Methods: Wild-type (WT) C57BL/6, β2AR knockout (KO), βarr1KO and βarr2KO mice received
intracardiac injections of either ICL1-9 or a scrambled control pepducin (Scr) at the time of ischemia (30 min)
followed by reperfusion for either 24 h, to assess infarct size and cardiomyocyte death, or 4 weeks, to monitor
the impact of ICL1-9 on long-term cardiac structure and function. Neonatal rat ventricular myocytes (NRVM)
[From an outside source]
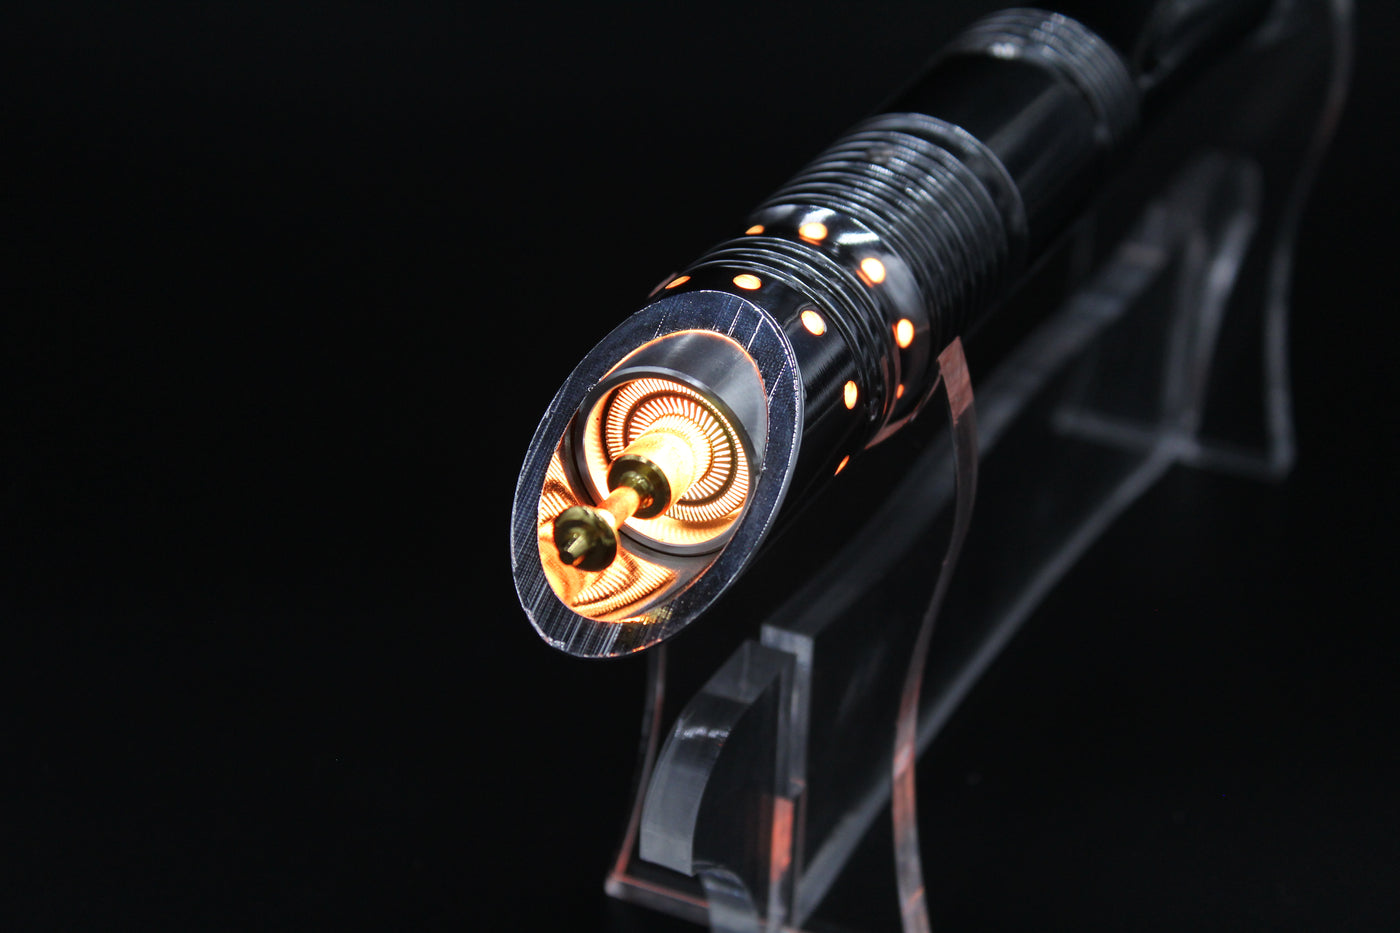 Accessoires Kit - KenJo Sabers - Star Wars Lightsaber replica Jedi Sith - Best sabershop Europe - Nederland light sabers kopen -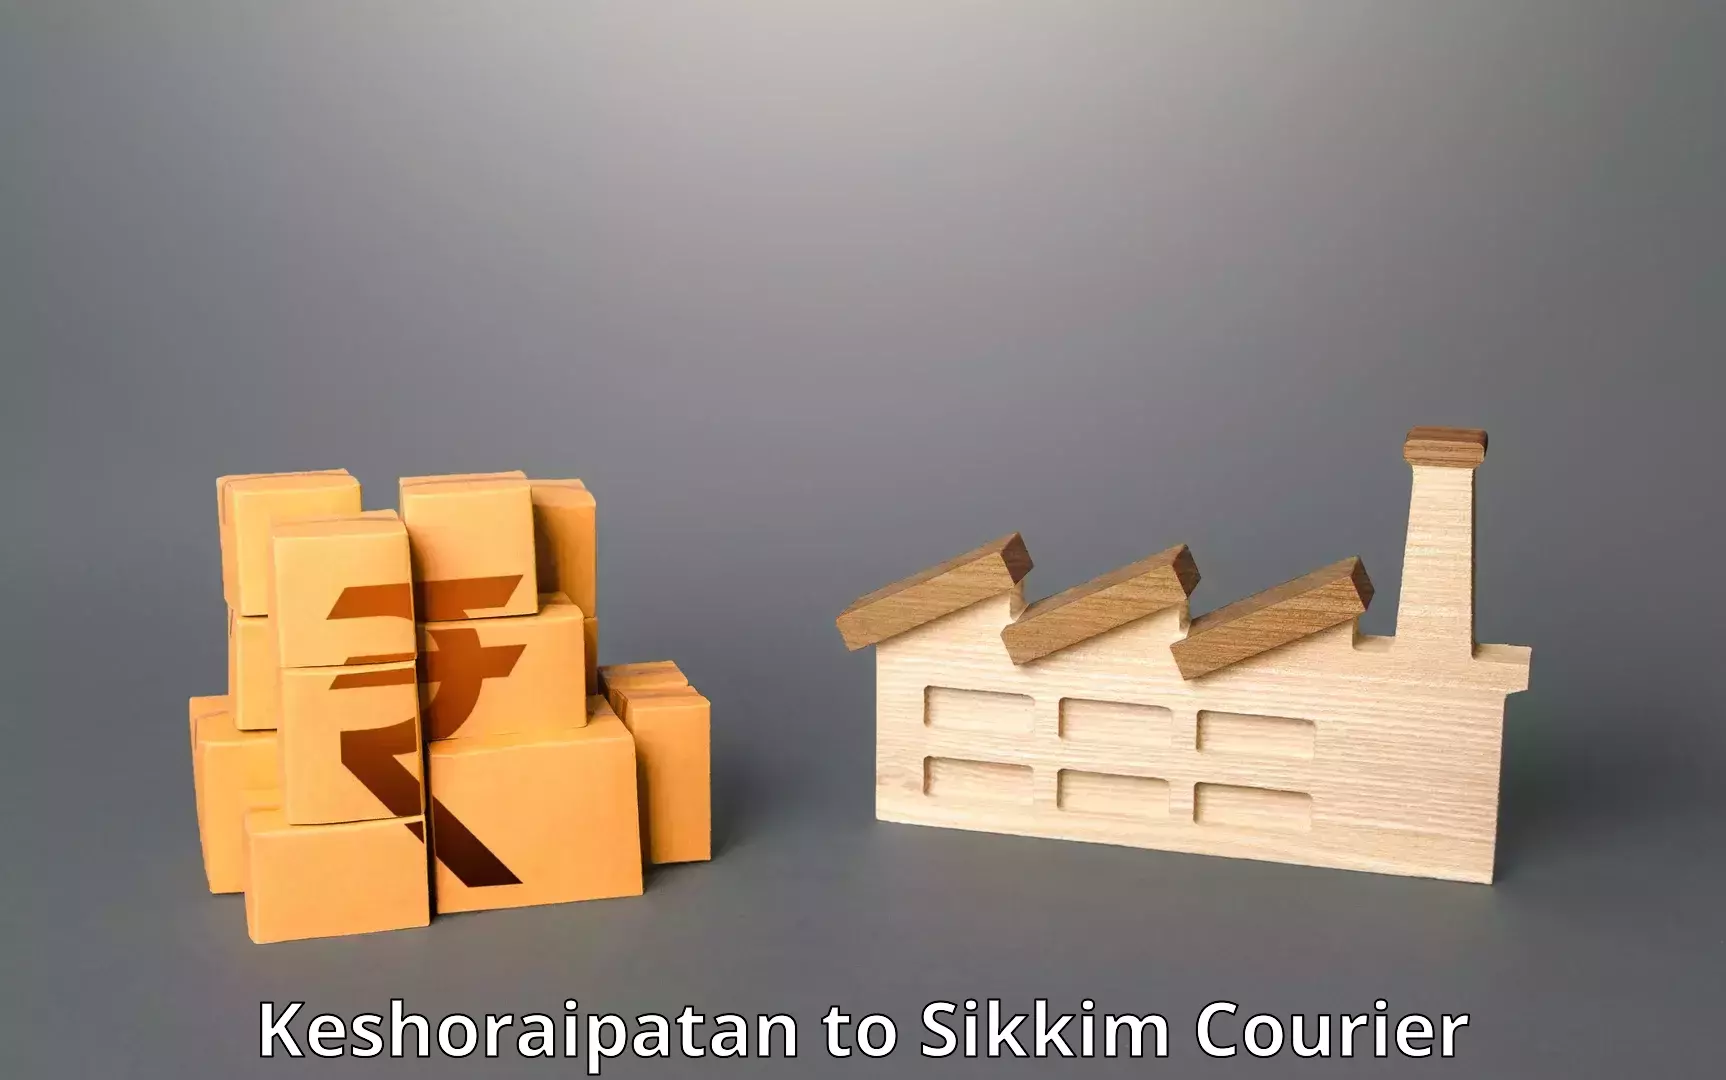 International shipping rates in Keshoraipatan to Sikkim

were used to assess the impact of ICL1-9 versus Scr pepducin on cardiomyocyte survival and mitochondrial
superoxide formation in response to either serum deprivation or hypoxia/reoxygenation (H/R) in vitro and to
investigate the associated mechanism(s).
Results: Intramyocardial injection of ICL1-9 at the time of I/R reduced infarct size, cardiomyocyte death and
improved cardiac function in a β2AR- and βarr-dependent manner, which led to improved contractile function
early and less fibrotic remodeling over time. Mechanistically, ICL1-9 attenuated mitochondrial superoxide
production and promoted cardiomyocyte survival in a RhoA/ROCK-dependent manner. RhoA activation could
be detected in cardiomyocytes and whole heart up to 24 h post-treatment, demonstrating the stability of
ICL1-9 effects on βarr-dependent β2AR signaling.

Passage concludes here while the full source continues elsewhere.